In 2009, the application of C3 train control system in passenger dedicated lines such as Wuhan-Guangzhou and Zhengzhou-Xi'an put forward higher requirements for high-speed railway train positioning technology. The main technical principles of C3 train control system clearly state that the operating speed of the train reaches 350 km/h, the minimum tracking interval is 3 minutes, and the EMUs of 300 km/h and above are not equipped with train operation monitoring devices. On lines of 300 km/h and above, the speed tolerance of the on-board equipment of CTCS-3 level train control system is stipulated as 2 km/h overspeed alarm, 5 km/h overspeed triggers normal braking, and 15 km/h overspeed triggers emergency braking. These technical principles require that the high-speed railway train operation control system must be able to determine the accurate position of the train at any time and any place, including the relevant interval, speed, acceleration and allocation of trackside equipment and on-board equipment resources for the train's driving safety. This information is used to determine whether braking measures need to be taken to ensure safe intervals. At present, sensors such as gyroscopes, accelerometers, odometers, and GPS receivers have been widely used in train speed measurement and positioning systems.

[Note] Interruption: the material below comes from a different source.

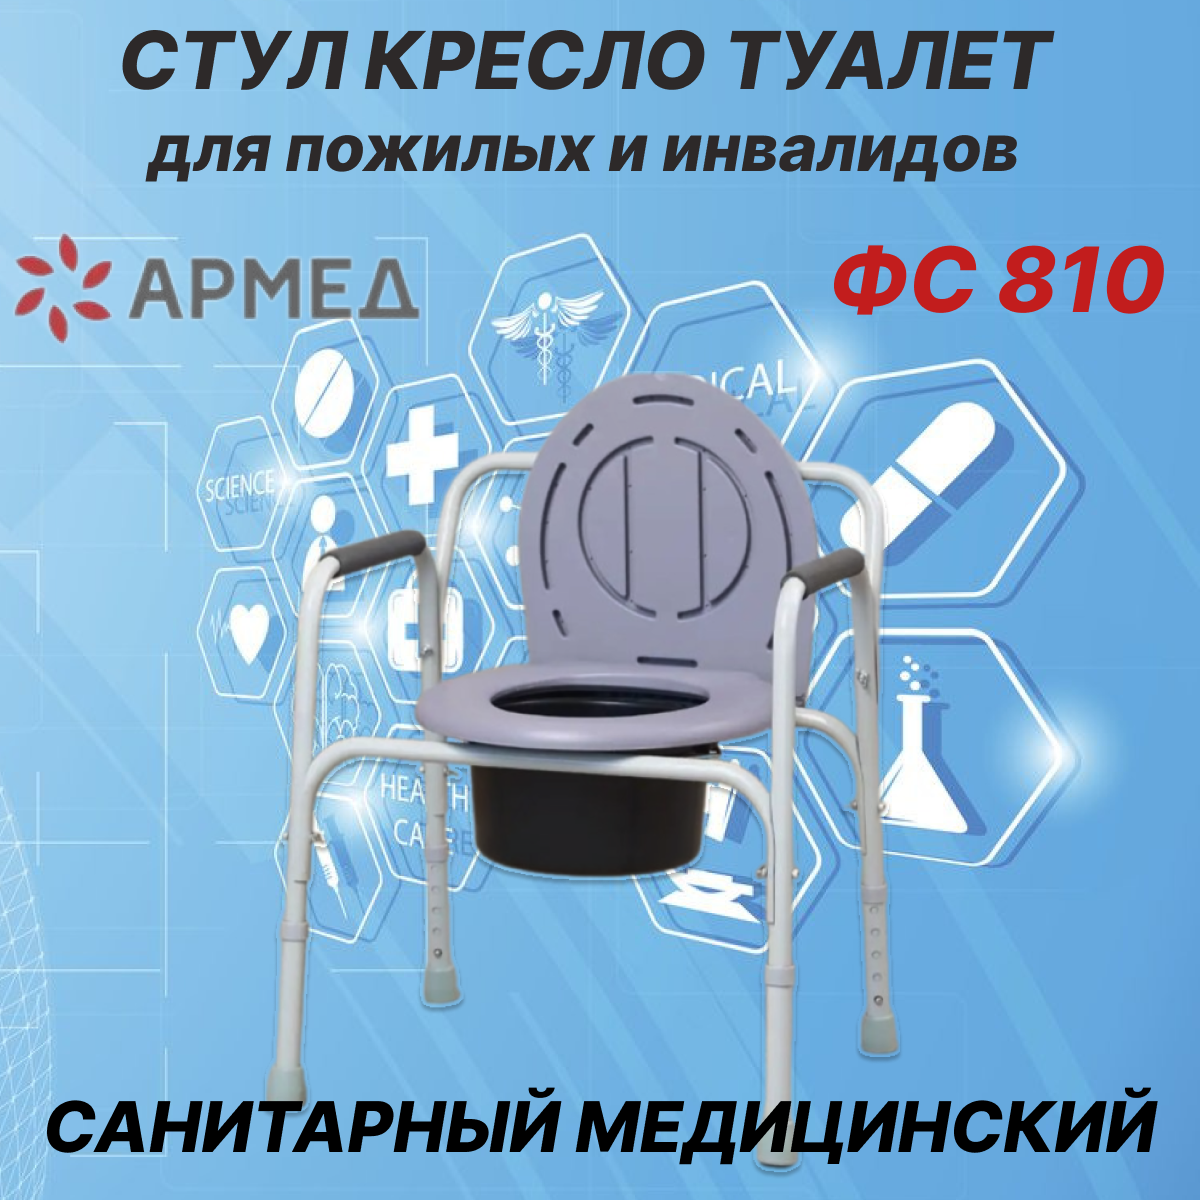 Стул кресло туалет для инвалидов и пожилых Армед ФС 810 санитарный медицинский унитаз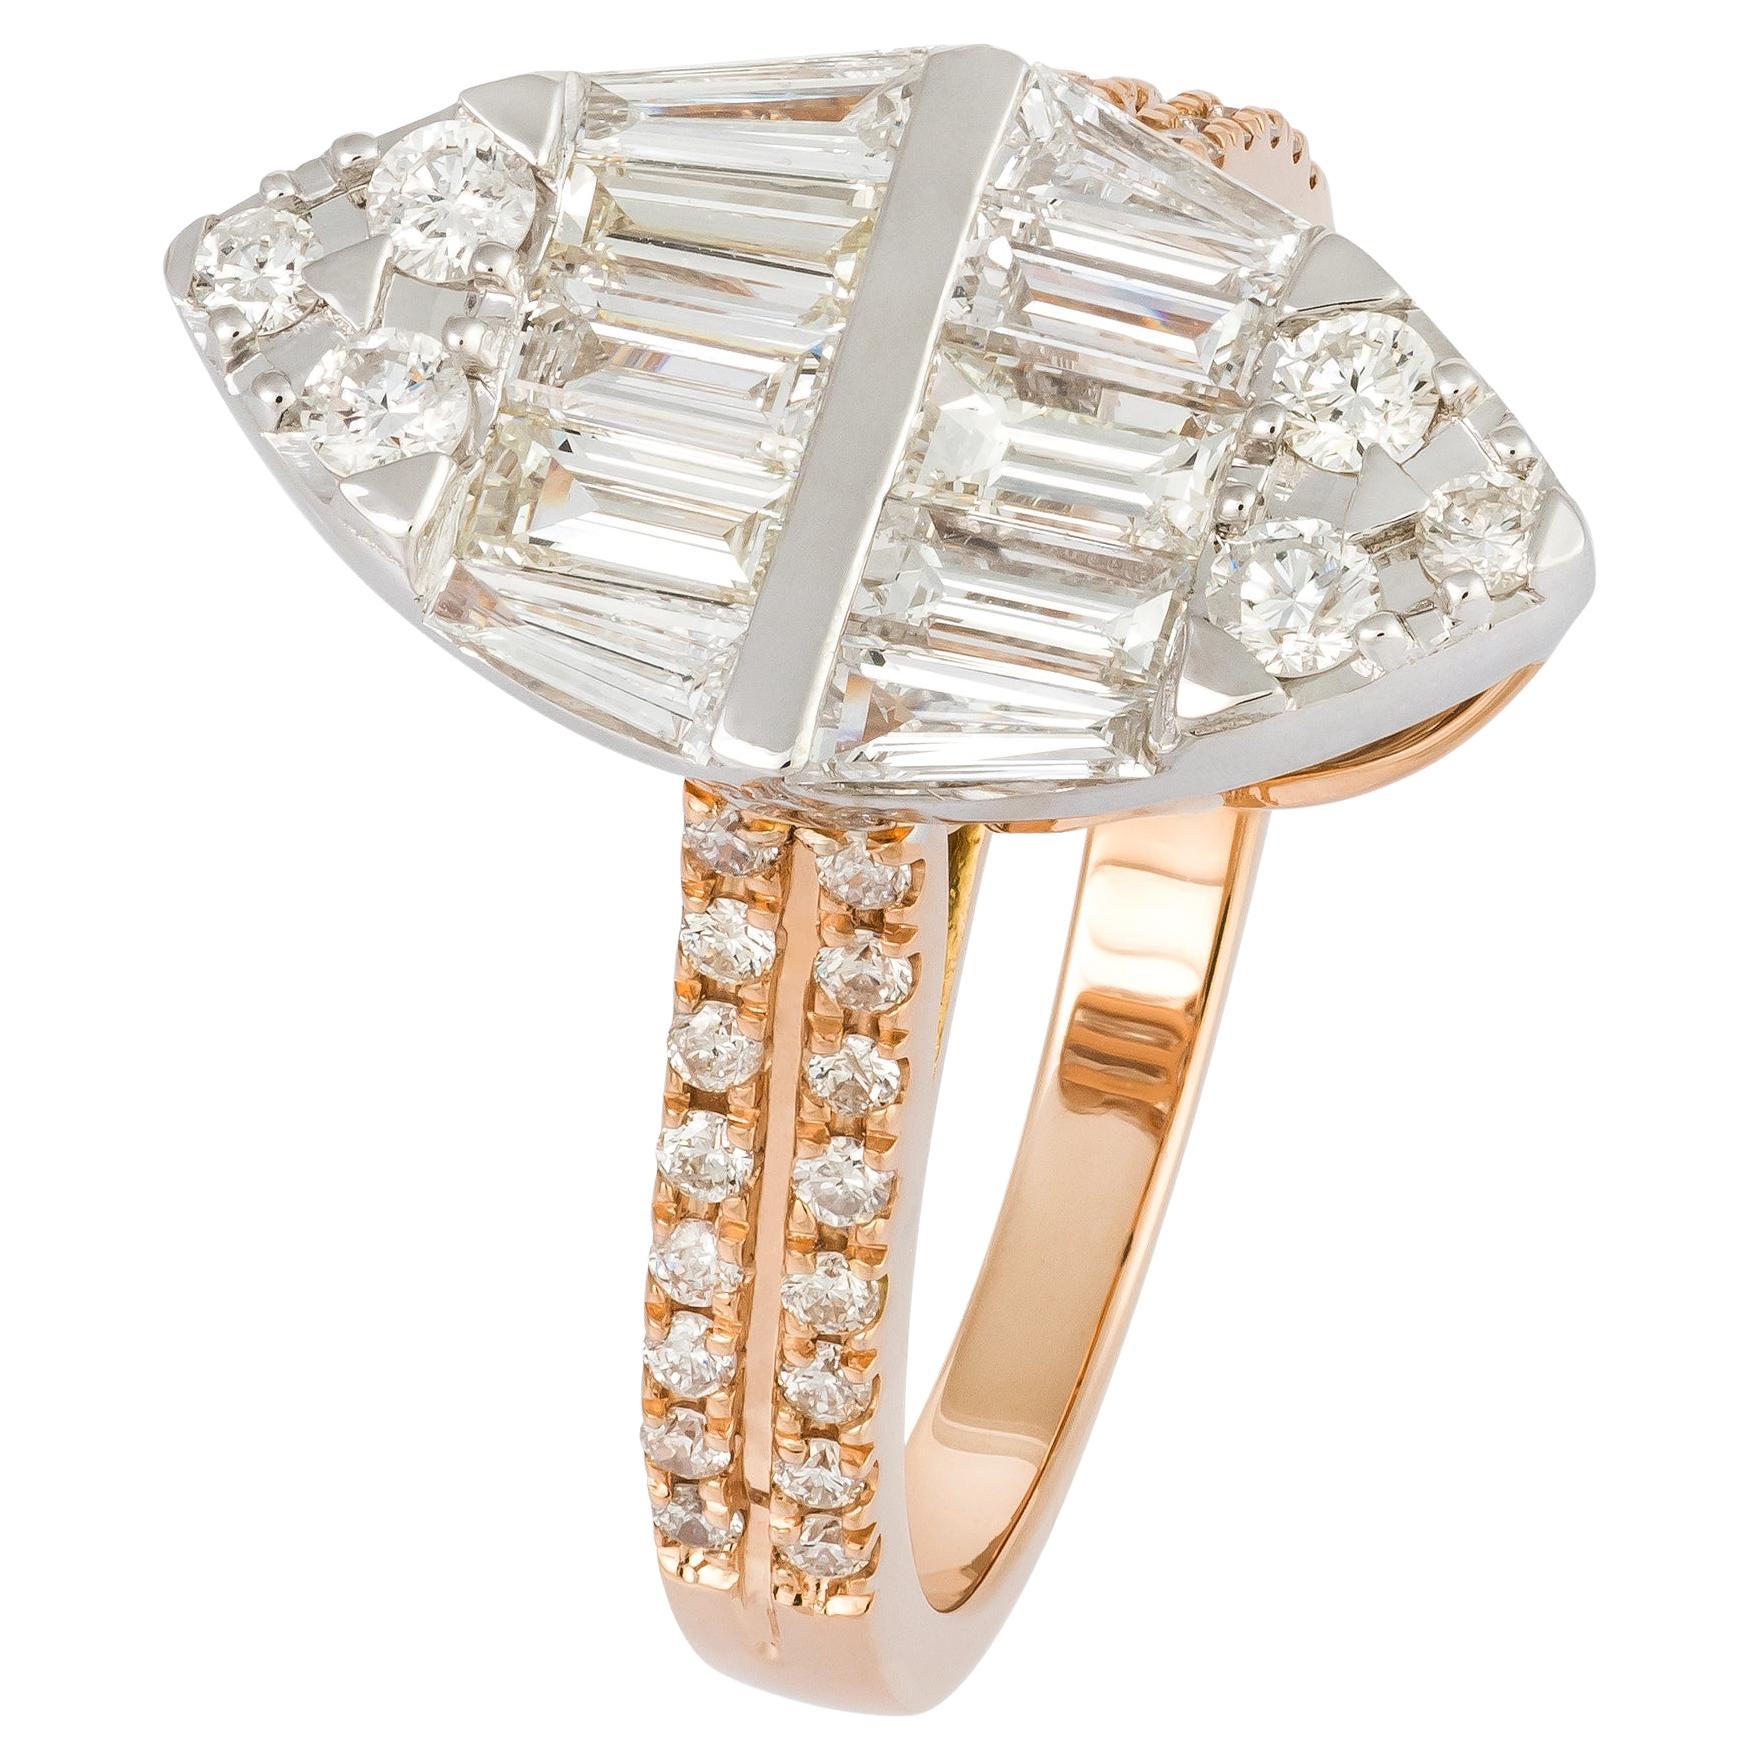 Modern White Pink 18K Gold White Diamond Ring for Her

1 Development of high-speed railway technology
The development of high-speed railway technology is diverse, and different countries use different positioning technologies according to their road conditions, terrain, and operational needs. The French AS-TREE system uses Doppler radar for speed measurement and positioning; the North American ARES, PTC, and PTS systems use GPS (Global Positioning System) for positioning; the European ETCS and Japanese CARAT systems use query/responders and speed sensors for positioning; the German LZB system uses track cables for train positioning; and the American AATC system uses wireless ranging for positioning.
According to the complex conditions of China's railway terrain and lines and the requirements of high-speed railways for train positioning technology, this paper proposes a multi-sensor combined positioning solution, selects the GPS/DR/MM combined positioning method, utilizes the information complementarity of multi-sensor combined positioning technology, and uses Kalman filtering to fuse the obtained information to obtain more accurate positioning data than single sensor positioning.
2 Train Positioning System Solution
This solution uses the characteristics of DR's autonomous positioning to ensure that the train can output positioning information anywhere and at any time. The use of GPS can provide DR with initial position data, and the use of MM meets the system's demand for positioning accuracy. The fusion algorithm uses the federated filtering algorithm to solve the shortcomings of other filtering algorithms, such as heavy calculation burden and poor fault tolerance.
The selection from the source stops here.